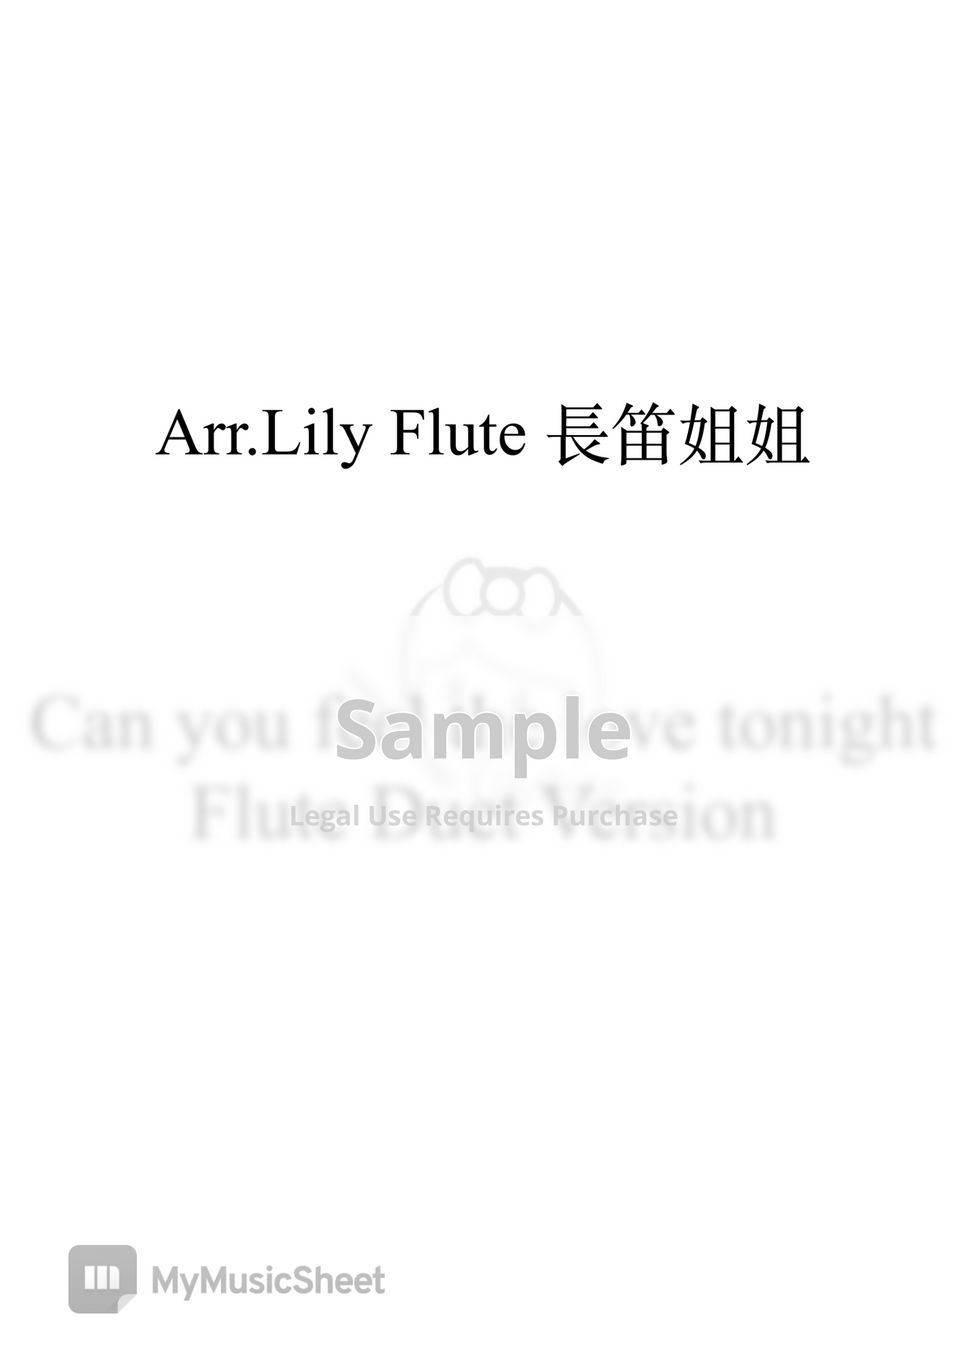 獅子王 - 今晚愛無限Duet version (YT附免費伴奏) by Lily Flute 長笛姐姐
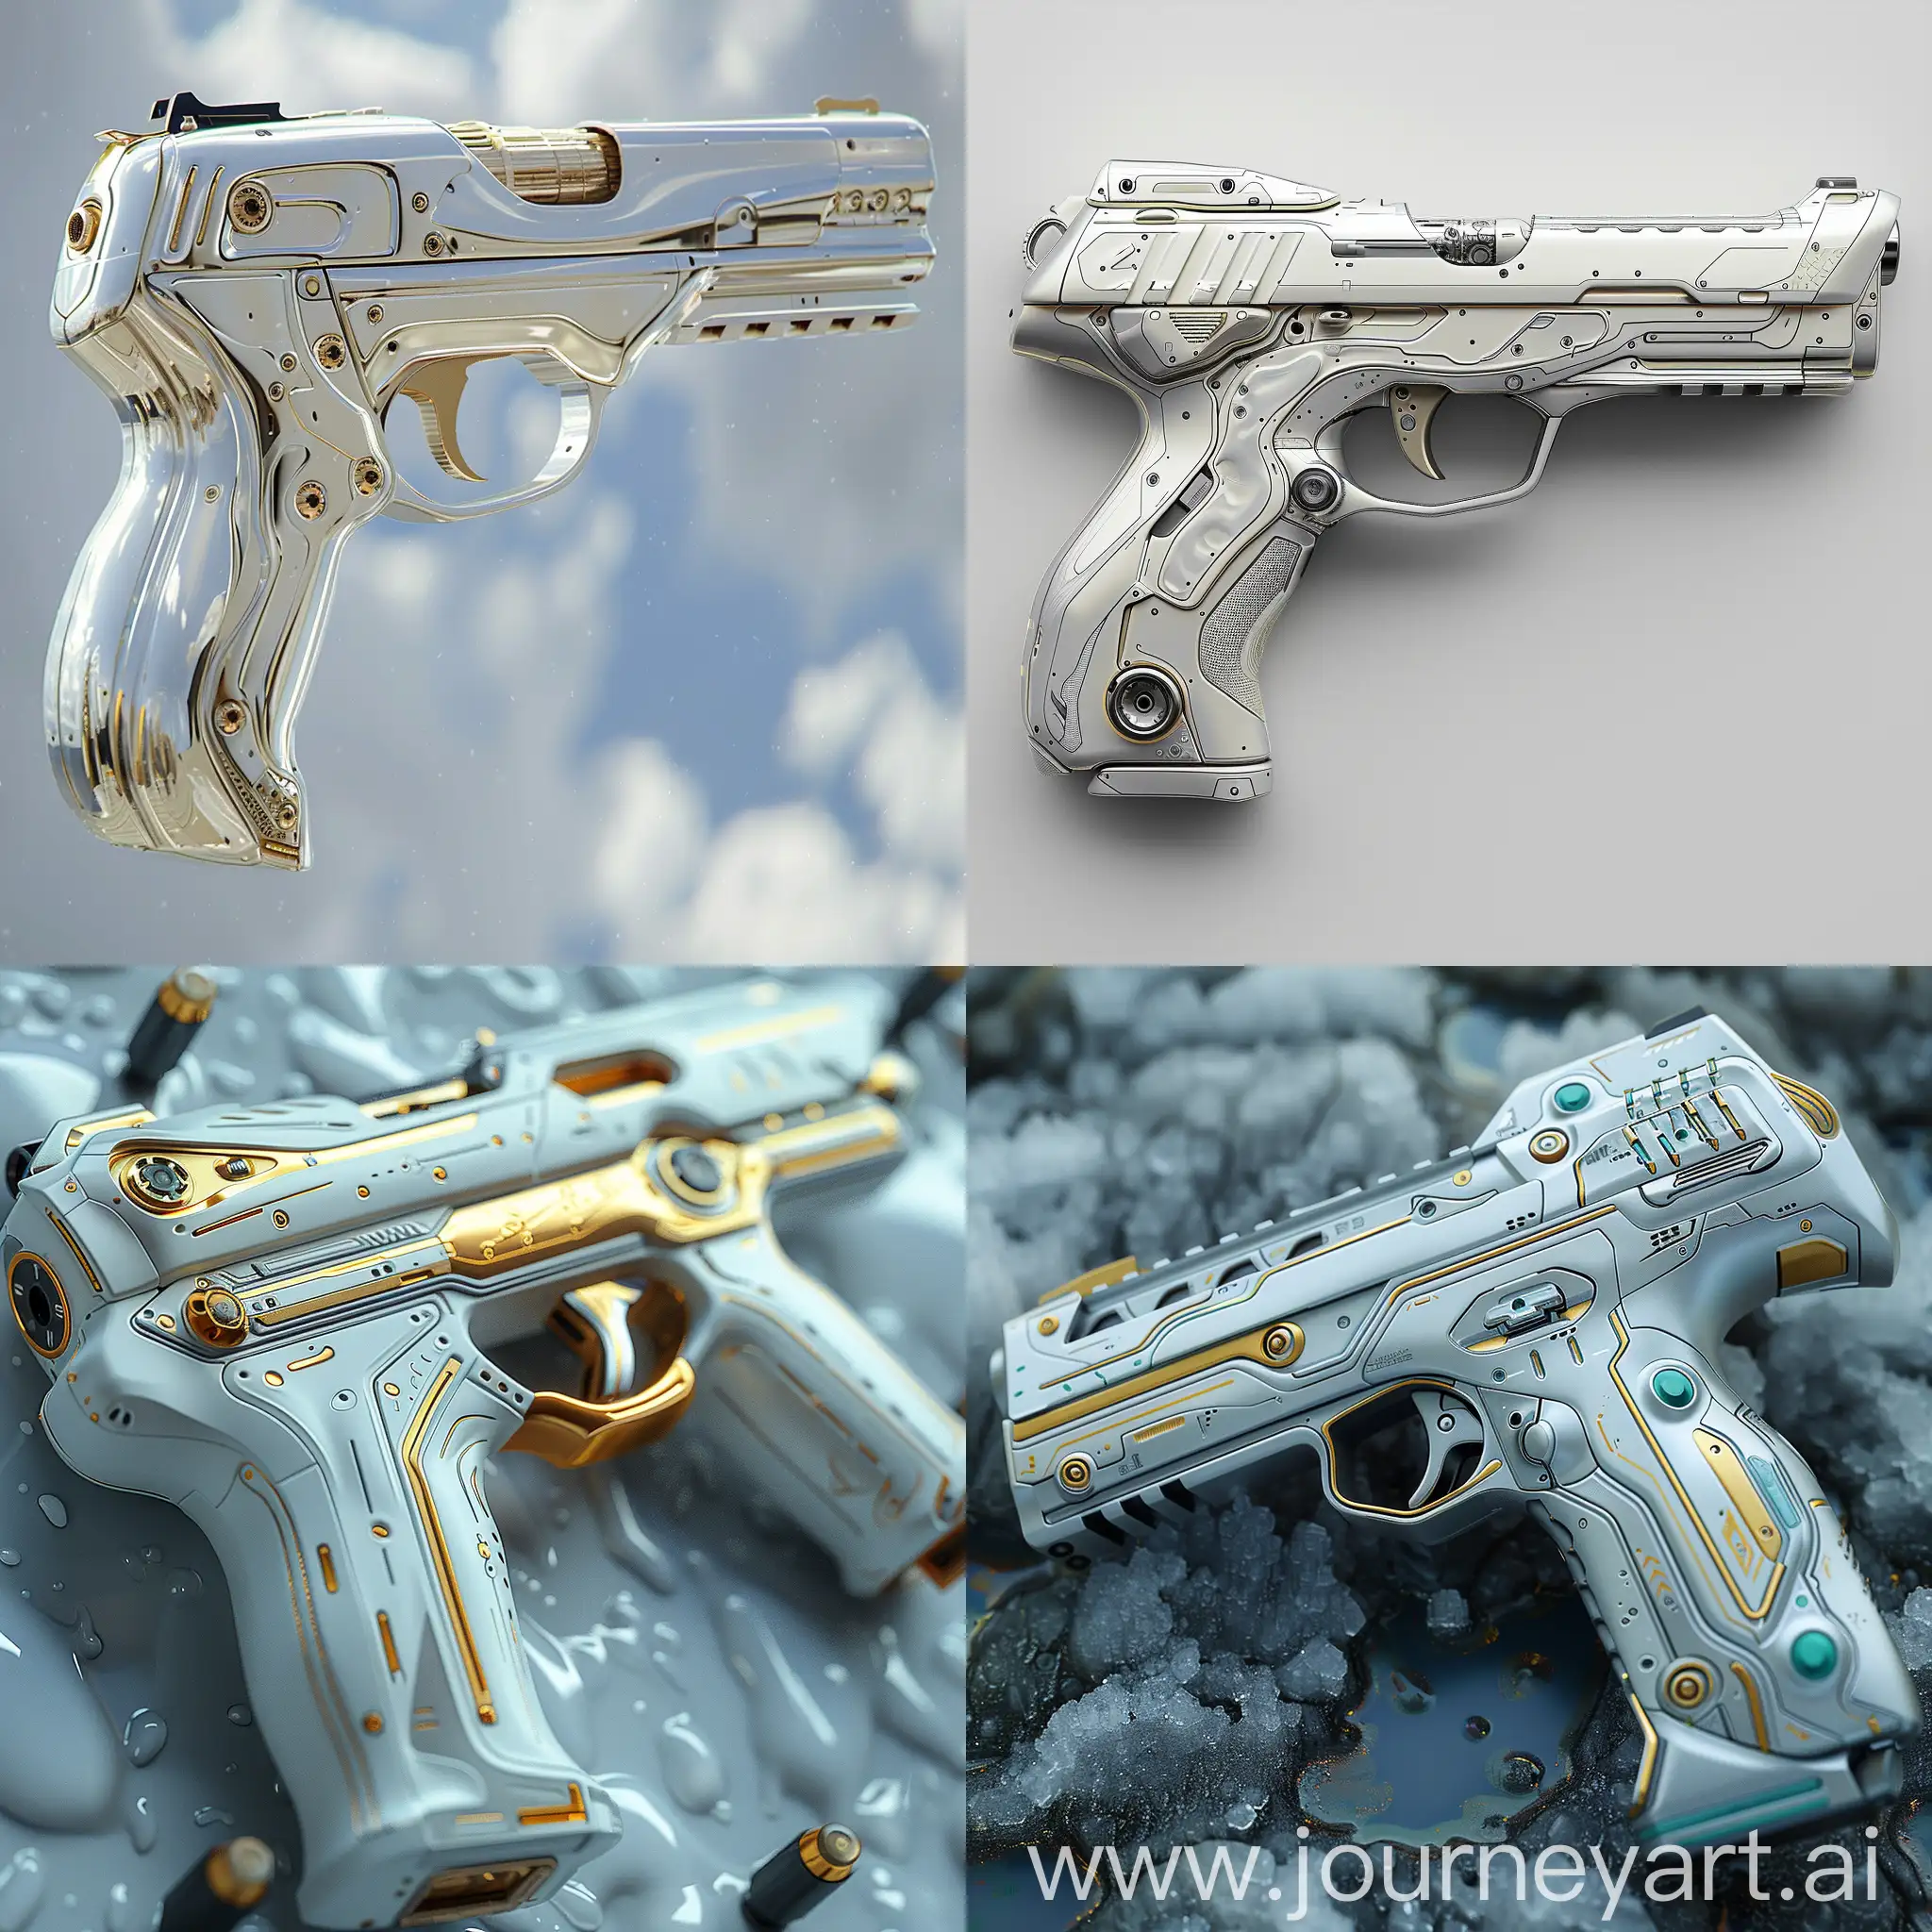 Futuristic pistol, ultra-modern, ultramodern, stainless steel, smart materials, high tech, electronics, octane render --stylize 1000
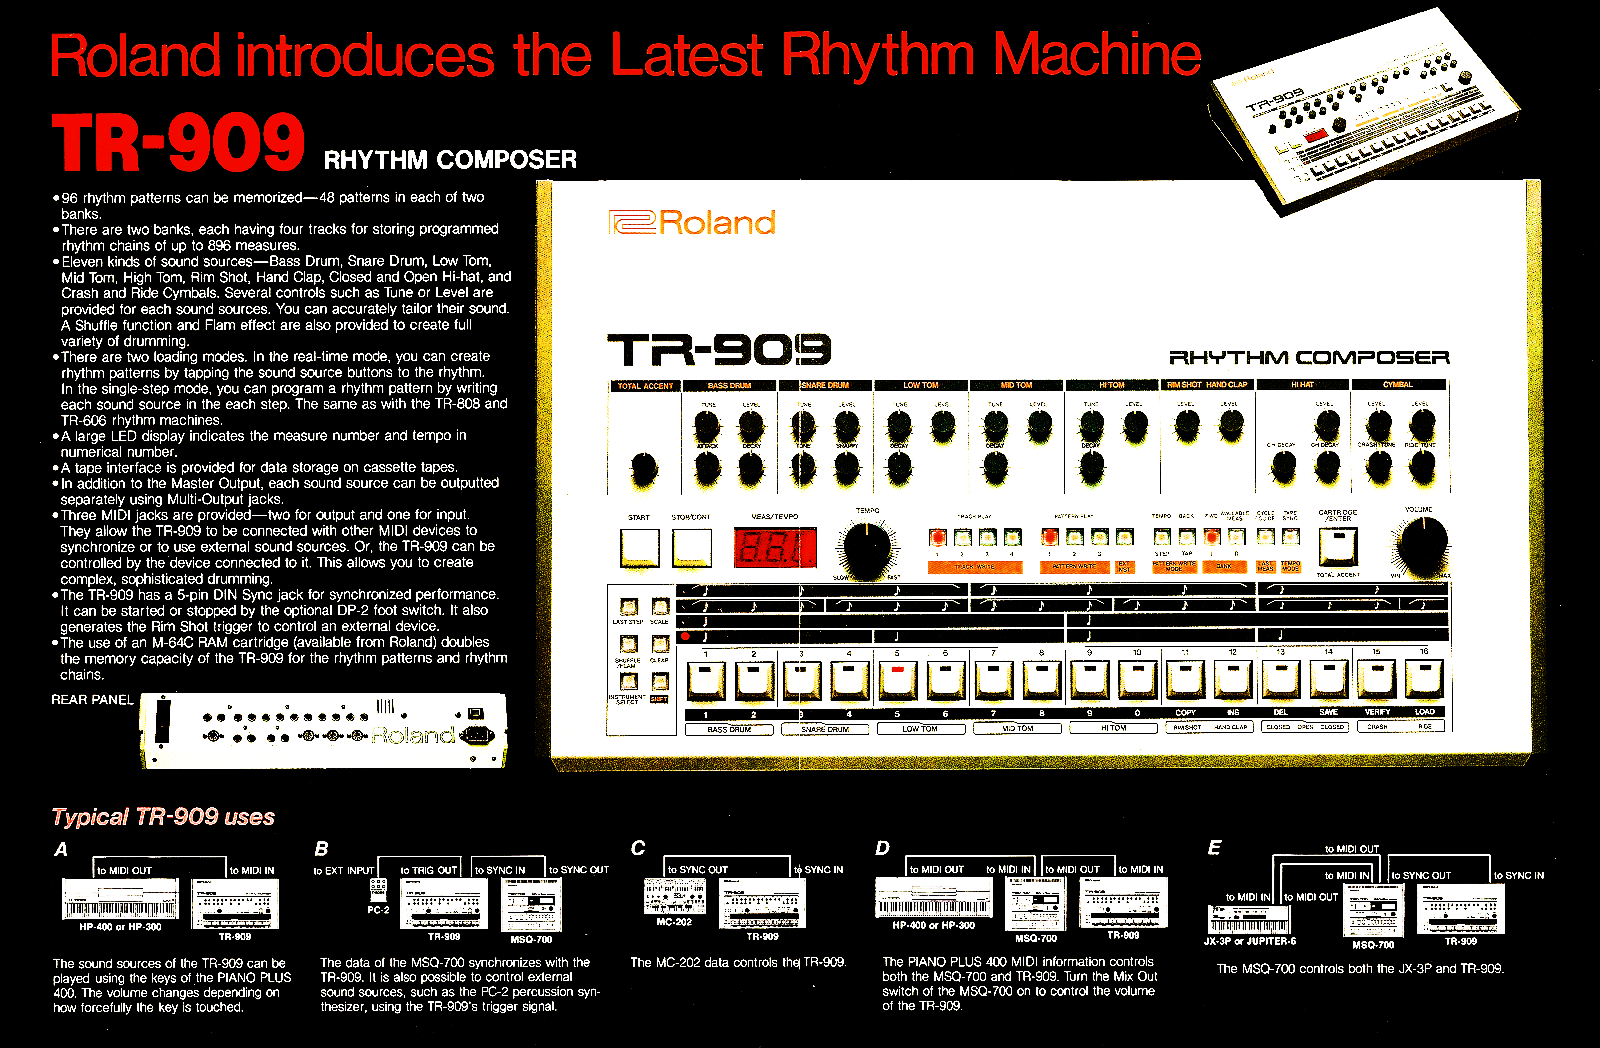 Así era el anuncio original en prensa de Roland TR-909

### Task instructions
From the first line to the last, set down the data exactly, without the pictures.

### Expected output
 獅子王 - 今晚愛無限Duet version (YT附免費伴奏) by Lily Flute 長笛姐姐
 Futuristic pistol, ultra-modern, ultramodern, stainless steel, smart materials, high tech, electronics, octane render --stylize 1000
 Así era el anuncio original en prensa de Roland TR-909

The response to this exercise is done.